Okay, I’m actually really excited about this one. I got this idea from a former coworker who rents out property with her husband, and they’ve been building their real estate passive income for a while. If you’re trying to buy a house, I beg you don’t ignore this opportunity.
Let me hook you with this pitch: earn rental income on a million-dollar property by only putting down $35,000.
Want to know how?
First: Getting an FHA Loan to Buy a House
The Federal Housing Administration (FHA) is a government agency whose purpose to help Americans buy homes. It’s based on the belief of the classic American dream where everyone can own their own home (AKA borrow it from the bank).
Unlike a normal housing loan, where you put down 20% of the price of the house (or lower with some insurance) and take out a loan for the rest, the FHA is a special kind of loan where all you need down is 3.5% down if your credit score is above 580.
That means if a property is worth $1,000,000, you can merely put down $35,000 (and 10k of that can come as a penalty-free withdrawal from your Roth IRA). You’d have a decent mortgage to pay for as well, but you technically could still do this.
The catch? This has to be your primary residence. You can’t get a loan for somewhere you never plan to live. You have 60 days to title the property in your name and move into it as your primary residence. But you’re looking to buy a house anyway, this part shouldn’t matter to you.
“But if I’m living there, how do I make rental income? Am I renting out a room?”
Nope, even better. You’ll buy a house that’s multiunit.
Second: Picking the Right Property
The FHA loan restricts you from using it for investment property or anything NOT your primary residence. But that doesn’t mean you have to be living in all of the property.
You can buy a house that’s either a multifamily unit (e.g. a block of condos) or even a mixed-use residential and commercial space (e.g. a storefront with an apartment up above).
Buy a House? No, Buy a Multifamily Unit
You can get a property with up to four separate living units. As long as you’re living in one, you can rent out the other three. A property with more than four units counts as commercial property and would not qualify for an FHA loan.
The simplest route to find is a duplex. But get creative if you can and get a multi-unit. These tend to be older buildings since most newer multi-unit homes are horrendously monotonous corporate construction projects.
You can also use an FHA to build a new house, which is called a construction-to-permanent loan.

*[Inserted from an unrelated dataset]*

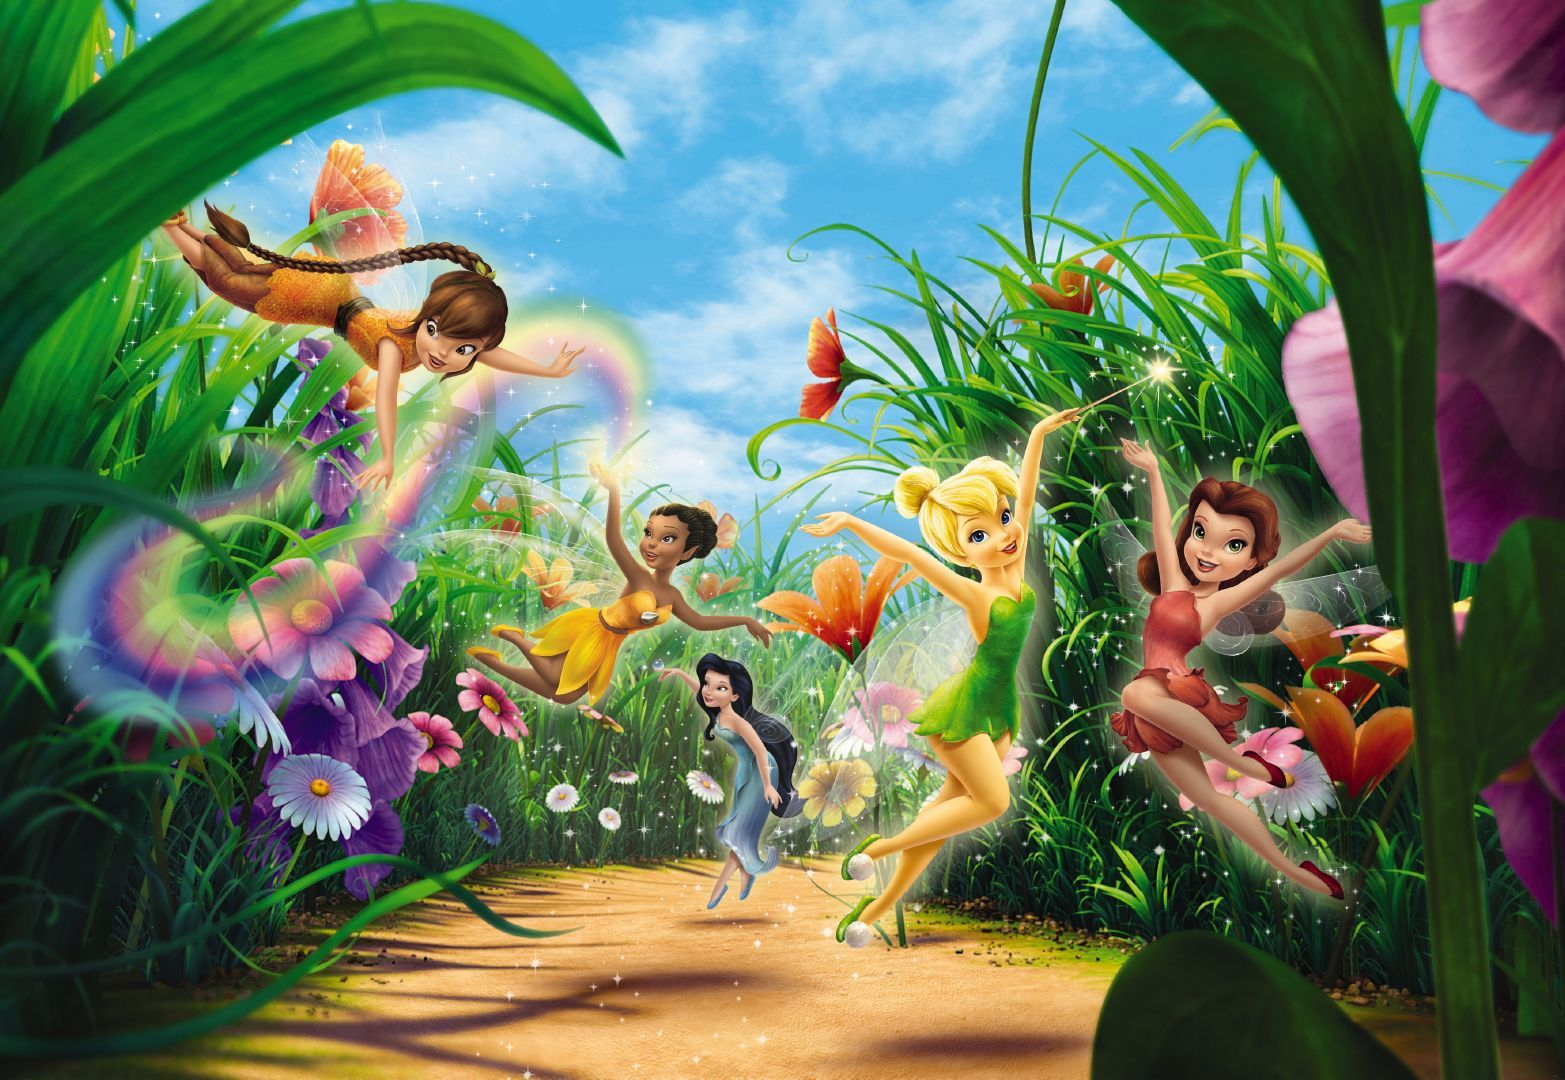 Di disney frozen wall murals - Wall Mural Photo Wallpaper Fairies In The Meadow For Bedroom Disney Tinker Bell Ebay
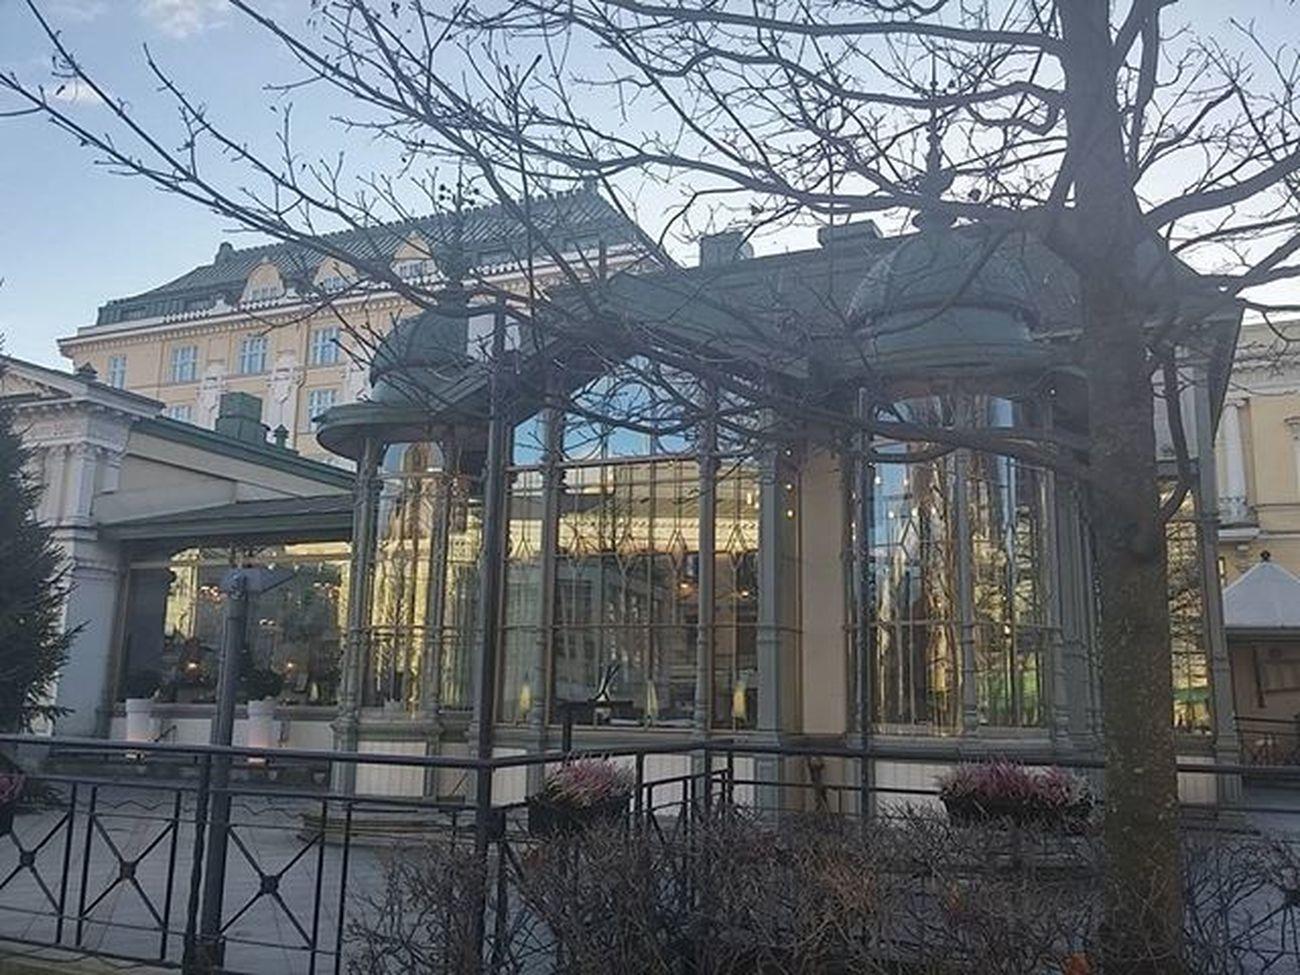 Ravintolakappeli Kappelirestaurant Esplanadi Helsinki Igershelsinki Finland Suomi Igersfinland Finlandlovers Ourfinland Thisisfinland

You can’t buy a commercially zoned property with an FHA loan. You can get mixed-use property as long as a majority of the square footage is residential.
E.g. you buy or build a property with a storefront at street level and apartments all above.
The next-level gangster move is to do both: get a mixed-use residential/commercial space with multiple residential units.
This is what I’m talking about. Look at this bad boy. A storefront at the bottom, three apartment units above. Get one of these, live on one floor, and rent out the others—all with a 3.5% cash down.
Why Everyone Doesn’t Just Buying Houses This Way?
To get a good property, there’s a chance it could be too expensive for an FHA loan. There are upper limits on the loans which depend on where you live.
I’m also not a lawyer, so some of this may be wrong. #notlegaladvice
Why doesn’t everyone do this? First, not everyone knows about FHA loans. Second, not everyone wants to be landlords. And third, finding a place worth living in and renting out and finding a commercial tenant (if you’re going for a gangster move) is pretty dang hard. And if you have kids, your fourth obstacle is school district limitations.
I’ve seen property out there that fits the bill, but you need a weird combination of commitment and flexibility. You need to mentally commit to being a landlord ahead of time, as well as the flexibility be willing to look in different neighborhoods or even cities to find the right balance of good property price with high rental demand. So it takes time. Most people trying to get a house don’t want to wait patiently for six months until the right one comes up. If you can afford to, you’re golden.
This idea is honestly so valuable. If you’re looking to buy or build a house, and you’re not super tied down to a timeline, please consider doing this. You could be paying off your mortgage at no cost to you while building equity in a deflationary asset class. There are some complications which is why not everyone does it. If you’re interested, start looking around on Crexi, Loopnet, and Zillow and see what you find.